El socialismo también fue pasto de la corrupción y sirvió para enriquecer a sus dirigentes partidistas, sus mandos militares y a los jefes de la Seguridad del Estado. Las purgas y procesos penales fueron una constante y siguen imparables en los pocos países donde aún se aferran a esa fracasada doctrina que hace posible a un gobernante ostentar por décadas el poder absoluto y omnímodo, sin prensa libre, partidos de oposición, ni libre expresión de los ciudadanos.
El rostro despiadado, inhumano y brutal del capitalismo -como muchas veces se muestra- deberá transformarse en otro más humano, amable y bondadoso que abra sus brazos a los sectores más desfavorecidos de la sociedad y sea refugio seguro de todos los que sufren y sienten las mayores necesidades. Las inmensas fortunas que crecen cada día más, tendrán que asumir la responsabilidad de compartir este mundo con los pobres y estarán en la obligación de aliviar mucho del dolor que sufren esos olvidados. Destinarán fondos que posibiliten la creación de bancos de alimentos, de calzado, vestuario y medicamentos, así como a la creación de empleo.
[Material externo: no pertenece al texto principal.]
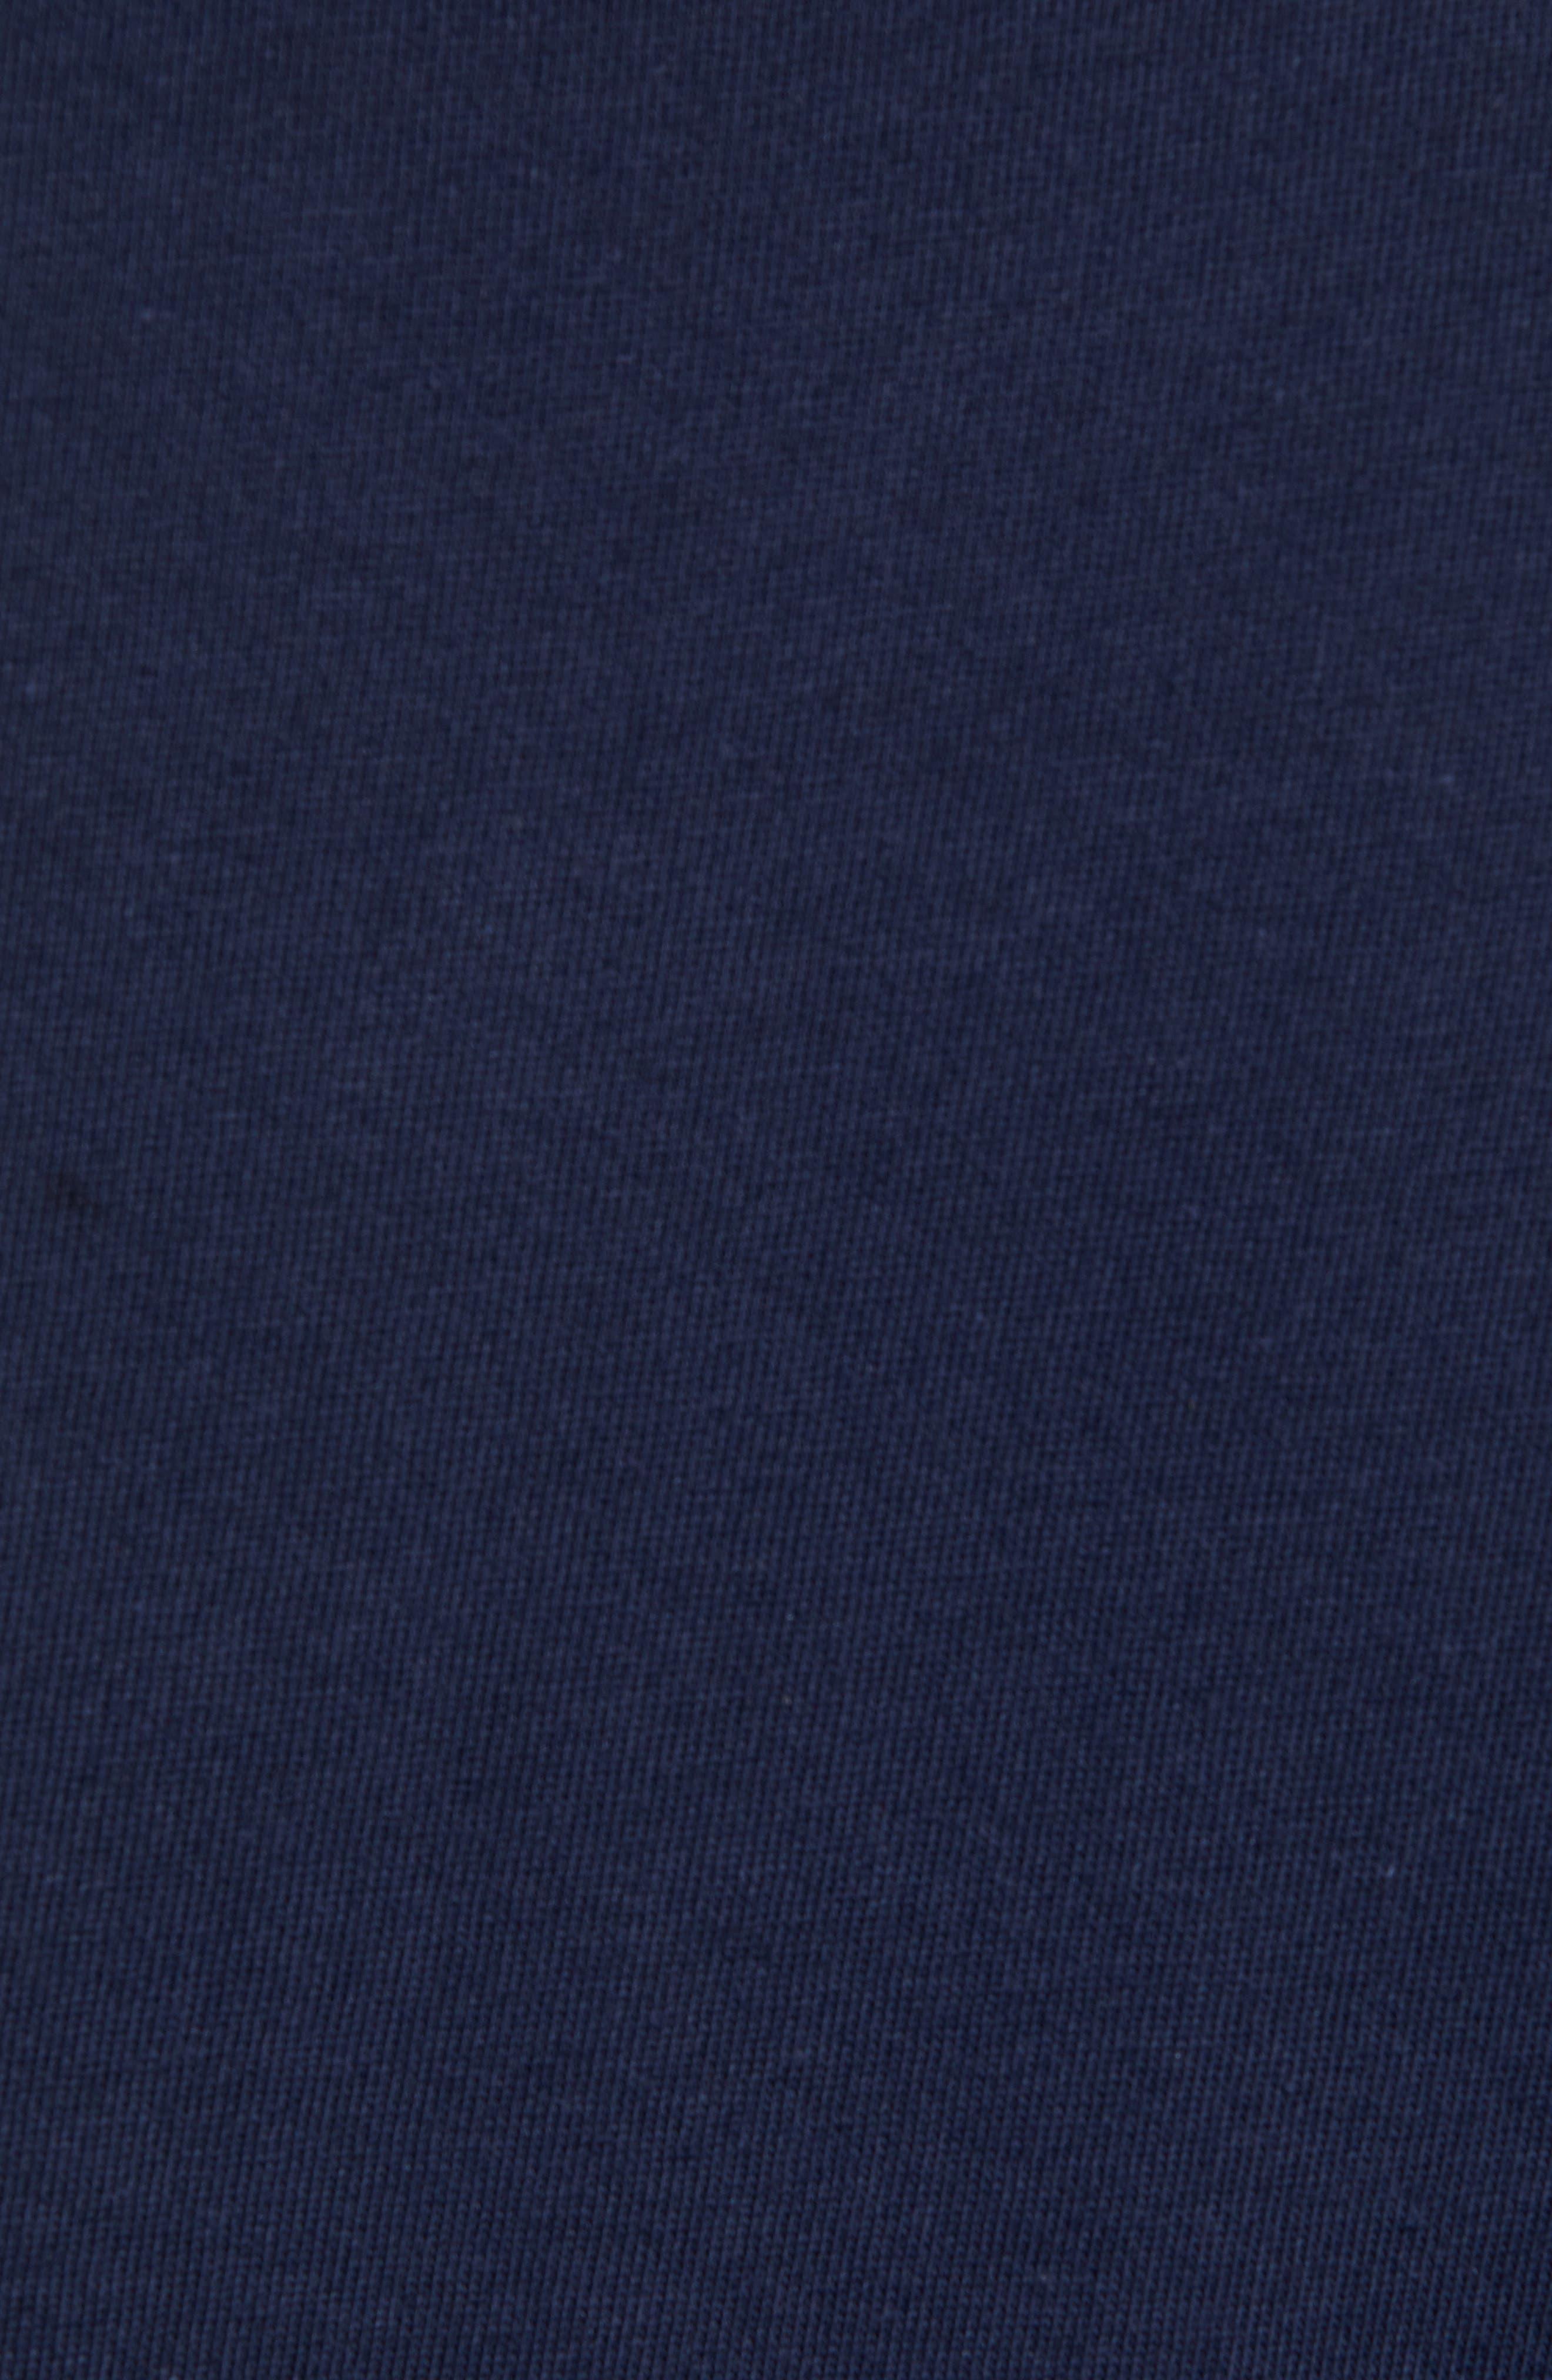 Tech Jersey Regular Fit Tee,                             Alternate thumbnail 5, color,                             NAVY BLUE/ WHITE

Ningún rico deberá estar excluido de esta obligación: ni empresarios, artistas, deportistas, ni aristócratas. Es inmoral e inhumano que esas fortunas no tengan un límite, mientras otros seres humanos pasan hambre y frío: una ley deberá ocuparse de establecer esos límites y de todo su alcance, pues un país no puede permitir que mientras millones de sus ciudadanos están privados de lo más elemental y no tienen ni un mísero empleo, unos pocos ganen millones de euros por las ganancias de sus negocios, por retratarse haciendo publicidad o por jugar partidos de futbol. Mal va un país que permita estas terribles desigualdades, es una vergüenza y puede ser peligrosa raíz para producirse conmociones sociales de incalculables proporciones.
Los retos que la vida nos impone son gigantescos e ineludibles, son cruciales para el futuro de nuestra nación que pronto será un país con una población envejecida y necesitará como nunca la pujanza de los más jóvenes para desarrollar la economía, jóvenes que ahora crecen en medio de la corrupción, el desempleo y la crisis. El éxito y el fracaso son caras de una misma moneda. Todos tenemos que luchar por alcanzar el éxito en esta campaña contra los políticos corruptos, la avaricia de los ricos y la formación de un nuevo sistema social que reúna lo mejor del capitalismo y del socialismo y deseche todo lo negativo que ha lastrado a esos sistemas para sufrimiento del género humano. El culto a la libertad será la primera e imprescindible obligación que este nuevo sistema garantice a sus ciudadanos, sin libertinaje, sin excesos, pues como alertara Simón Bolívar: “No aspiremos a lo imposible, no sea que por elevarnos sobre la región de la libertad, descendamos a la región de la tiranía”.